Description
This French Onion Mac and Cheese recipe combines rich, caramelized onions with creamy Gruyere cheese sauce and cavatappi pasta, topped with a crunchy panko breadcrumb layer. It’s an indulgent twist on classic mac and cheese with deep, savory flavors perfect for a comforting main dish or special occasion.
Ingredients
Scale
Caramelized Onions
- 4 tablespoons unsalted butter - divided
- 4 large yellow onions - peeled and sliced
- 2 tablespoons balsamic vinegar
- 2 teaspoons fresh thyme leaves
- A splash of beef broth or water - only if needed
Mac and Cheese
- 1 pound cavatappi pasta
- ½ cup unsalted butter
- ⅓ cup all-purpose flour
- 4 cups whole milk - plus more as needed
- 16 ounces freshly shredded Gruyere cheese - divided (about 4 cups)

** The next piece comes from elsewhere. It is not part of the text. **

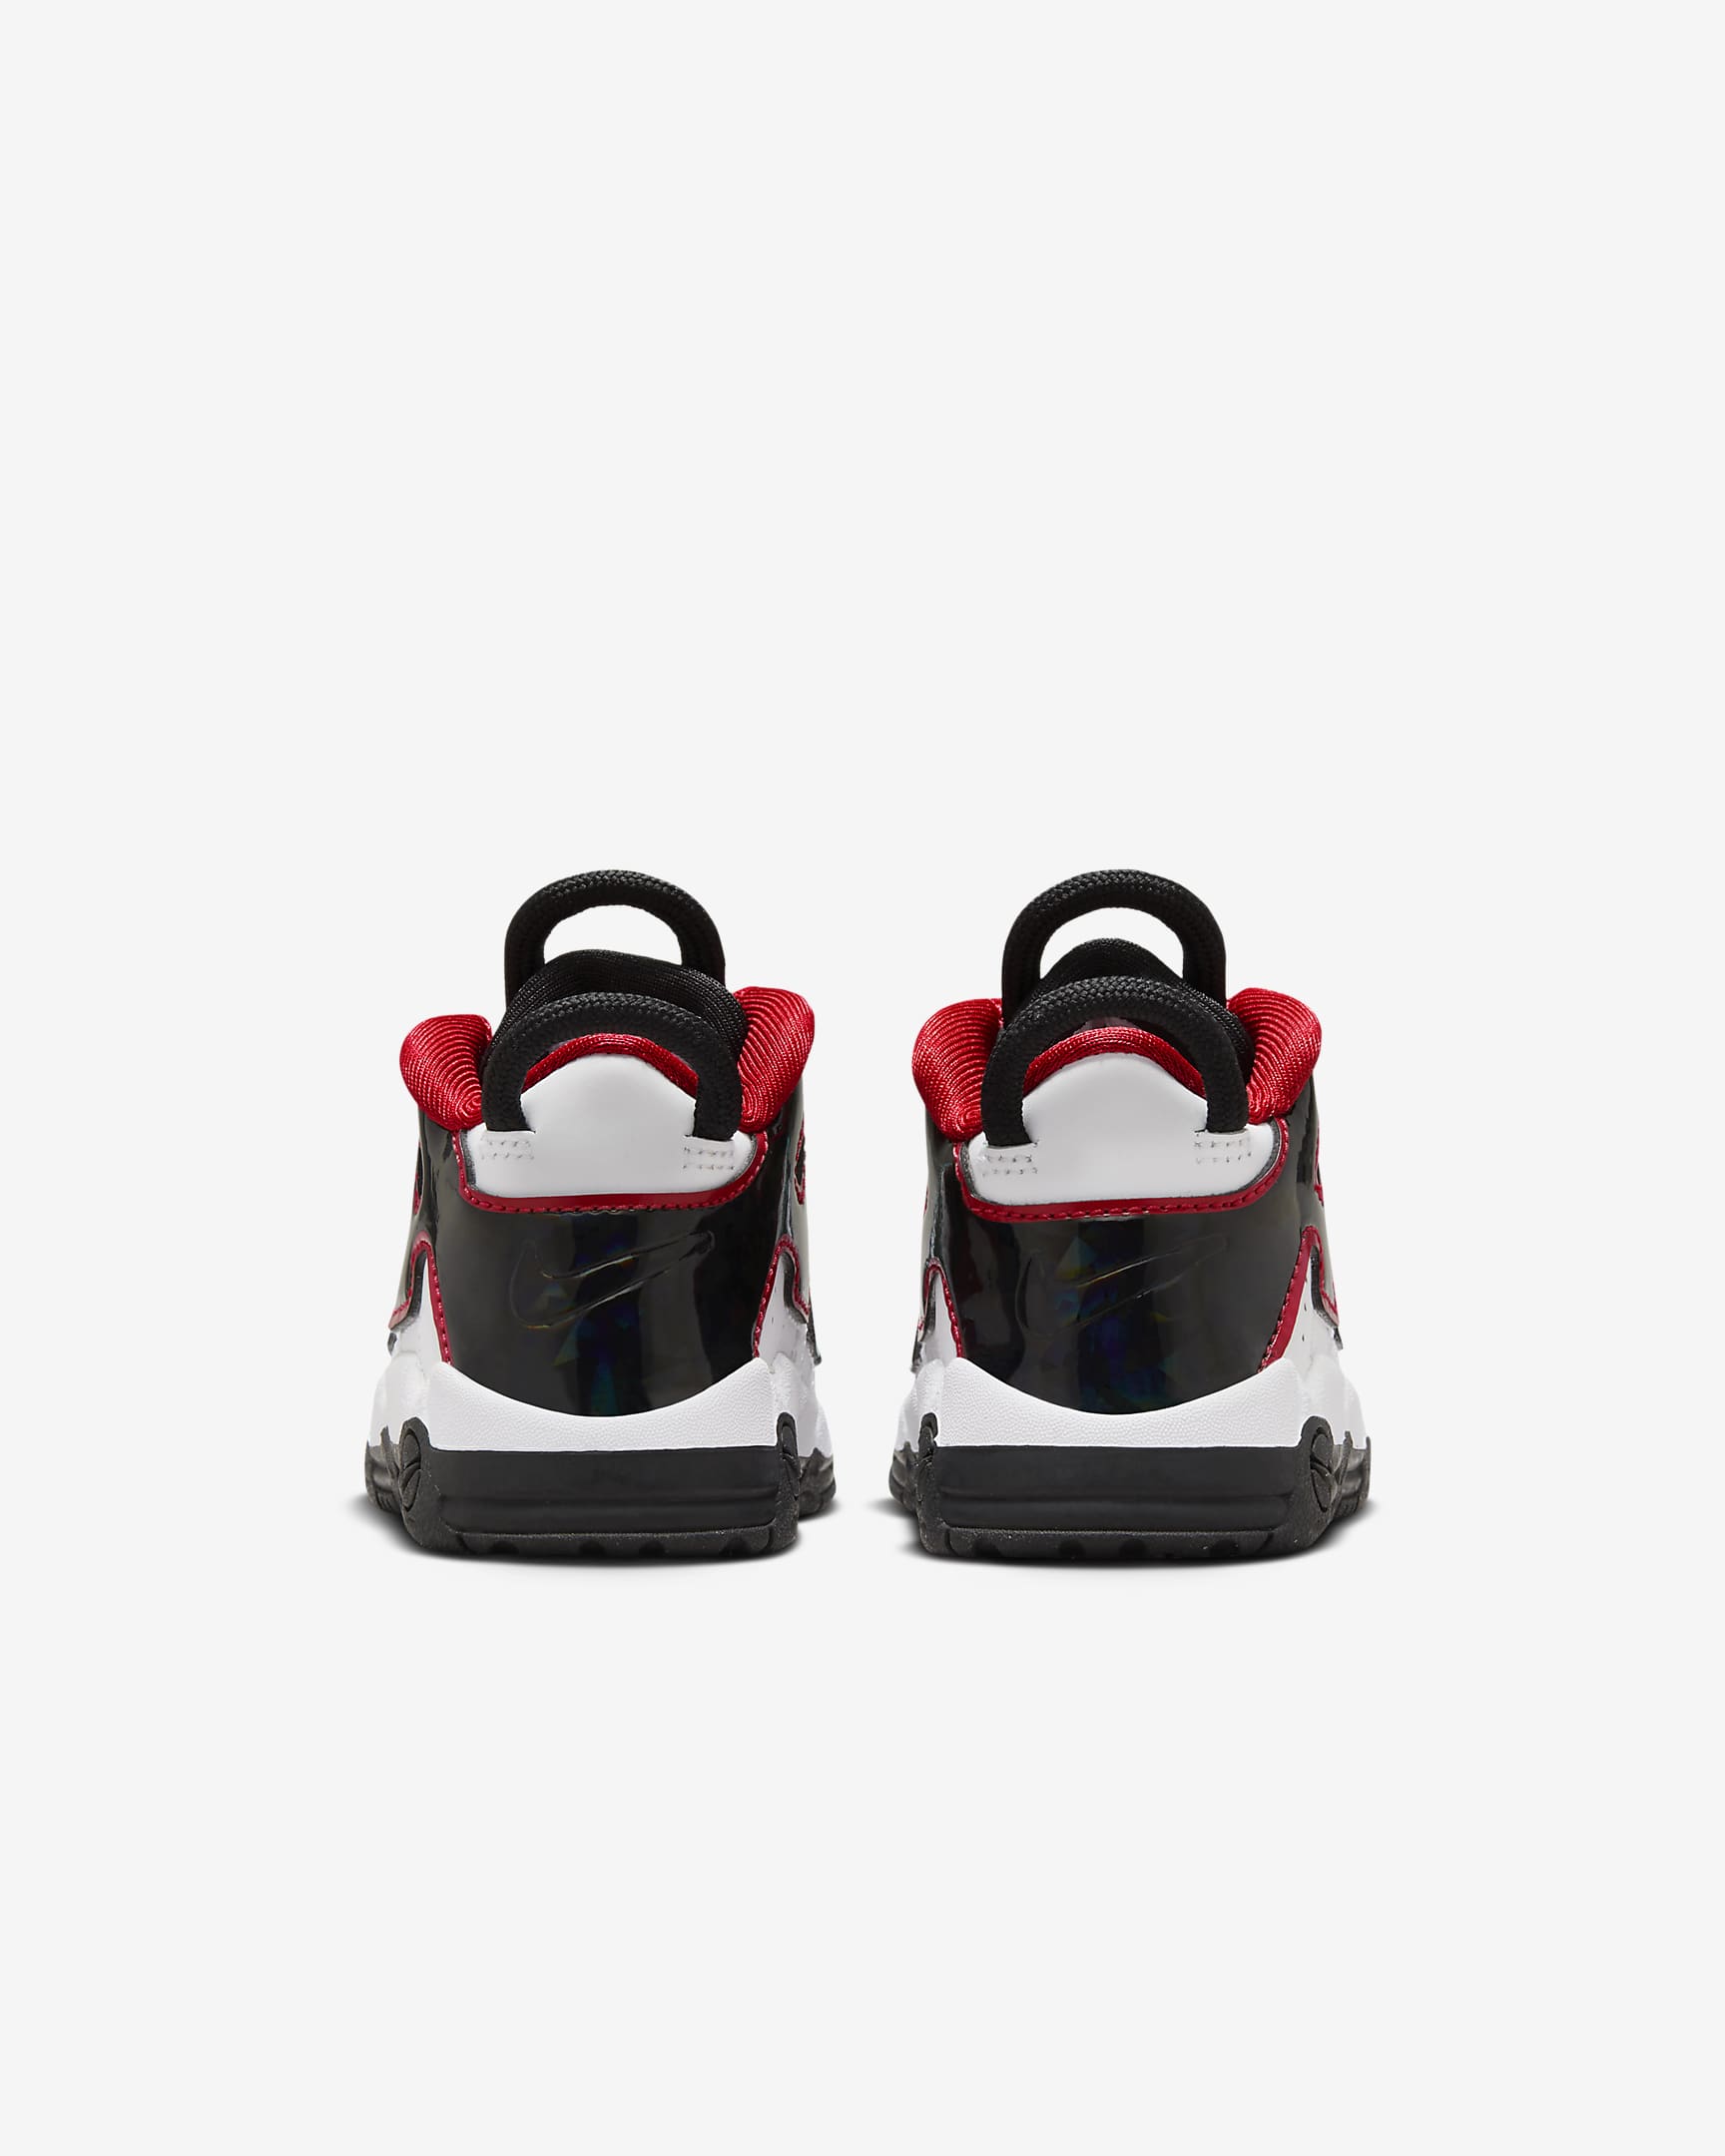 Calzado infantil Nike Air More Uptempo CL. Nike.com

- 1 teaspoon Dijon mustard
- 1 teaspoon garlic powder - or to taste
- Salt and pepper - to taste
Panko Breadcrumb Topping
- ⅓ cup panko breadcrumbs
- 3 tablespoons olive oil
Instructions
- Caramelize onions: In a large deep pan, melt 2 tablespoons of butter over medium heat. Add sliced onions and a pinch of salt. Cook for 15 minutes to start softening. Then reduce heat to medium-low and continue cooking, stirring occasionally, until onions are deep golden and caramelized, about 30 more minutes. If needed, add a splash of broth or water to deglaze. In the last 5 minutes, add remaining 2 tablespoons butter, balsamic vinegar, and thyme leaves. Stir to combine and set aside.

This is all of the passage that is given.